No fue un sueño. A la mañana siguiente supo que lo vivido fue un violento alzamiento popular; la prensa nacional y los medios audiovisuales reseñaron veinte muertos en la capital de la república. Miguel Ángel sabía que el número era mayor, él los vio tirados frente a su edificio; de seguro una patraña política cercenó la información disminuyendo la cifra de los caídos. Bastaba con ver las fachadas de los edificios para constatar decenas de agujeros dejados por los impactos de proyectiles de armas largas, y los destrozos en ventanas y puertas.

Desanimado aún, regresó a su apartamento —alrededor de las cuatro de la tarde—, y la ferretería donde trabajaba, tras las puertas cerradas, contabilizaba las pérdidas ocasionadas por la revuelta. Le contaron que la gente salía con la mercancía a cuestas para llevársela hasta sus casas, y lo que no podían cargar —por el excesivo peso— lo iban dejando tirado en los cestos de la basura apostados a lo largo de las calles y avenidas. Tal vez el dueño tendría que declararse en quiebra, y él perdería de nuevo el trabajo. Afligido abrió la puerta del apartamento y se dejó caer en la cama y comenzó a cavilar situaciones. Estando aún envuelto por los pensamientos, llamaron a la puerta. Un hombre con traje azul oscuro y con lentes para el sol le extendió la mano. Después de identificarse como miembro de inteligencia militar, le hizo saber que las filmaciones televisivas realizadas la noche anterior, dejaban ver que en la ventana de su apartamento había sido herido un hombre que estaba asomado a través de ella, el cual podría ser testigo clave en la aclaración de algunos detalles. Luego de mostrar la credencial, el hombre procedió a revisar de manera detallada el apartamento. No encontró rastros, ni balas perdidas, ni agujeros, o daño alguno en pared, ventanas o vidrios, que pudieran servir de indicios. Sin darse por vencido, procedió a interrogarlo, intentando encontrar en sus palabras datos de importancia para la investigación. Miguel Ángel tuvo que mostrarle al agente su cuerpo intacto y sin heridas para sustentar su versión; por nada de este mundo le diría que estuvo asomado en la ventana para averiguar qué era lo que sucedía, ya que conocía de sobra las innumerables dificultades y bochornos por los cuales tenían que pasar los testigos de hechos importantes. El hombre se marchó con las manos vacías por la ausencia de evidencias, no sin antes anunciarle que podría ser citado para rendir declaraciones en los próximos días.

           ***

Lo contado por el agente de inteligencia, acerca de un herido en su ventana, inquietó a Miguel Ángel, ya que era imposible que aquello fuese verdad, puesto que era el único habitante de aquel apartamento, y no había sido herido. A lo mejor —pensó intrigado— los investigadores se equivocaron, ya que todos los edificios de esa misma zona presentan el mismo tipo de ventanas. Con el transcurrir de los días procuró hacer su vida con normalidad y olvidarse de la revuelta que le trastocó, aún más, la vida y el sueño.

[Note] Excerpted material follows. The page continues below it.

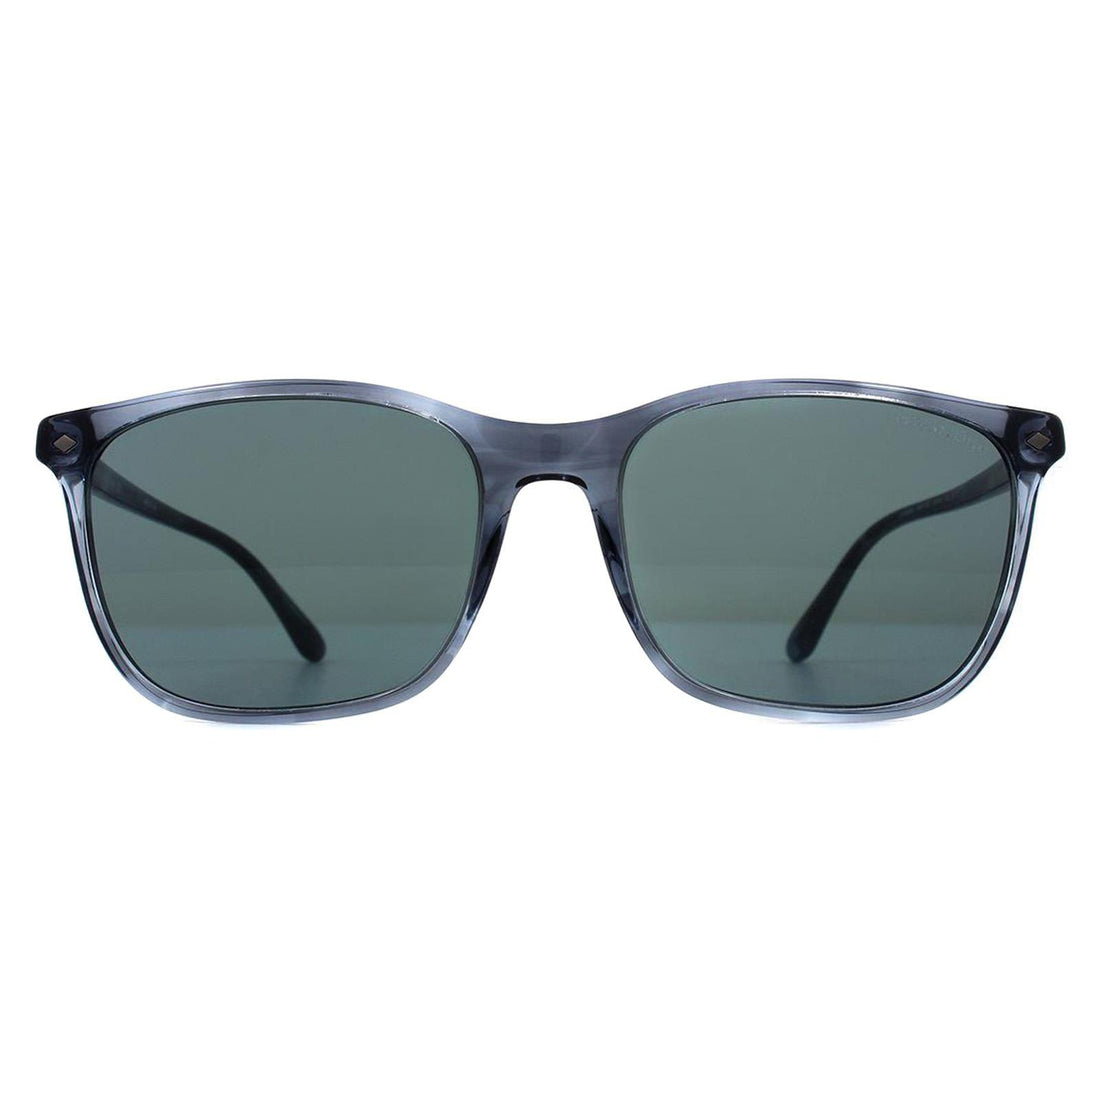 Giorgio Armani AR8089 Sunglasses Striped Blue / Blue Gradient

Estando a punto de finalizar la lectura de la novela, tomó la decisión de hacerse examinar de la vista, por los fuertes dolores de cabeza que había comenzado a sufrir. De la agudeza visual lo encontró bien el especialista, no obstante, notó algo extraño al estudiar el fondo del ojo derecho. De inmediato lo remitió a un internista, quien después de examinarlo con mucha calma —y con los resultados de la tomografía todavía en las manos— le dijo sin rodeos:

—Lamento informarle,  señor  Miguel  Ángel,  que  tiene  usted una bala alojada en la cabeza.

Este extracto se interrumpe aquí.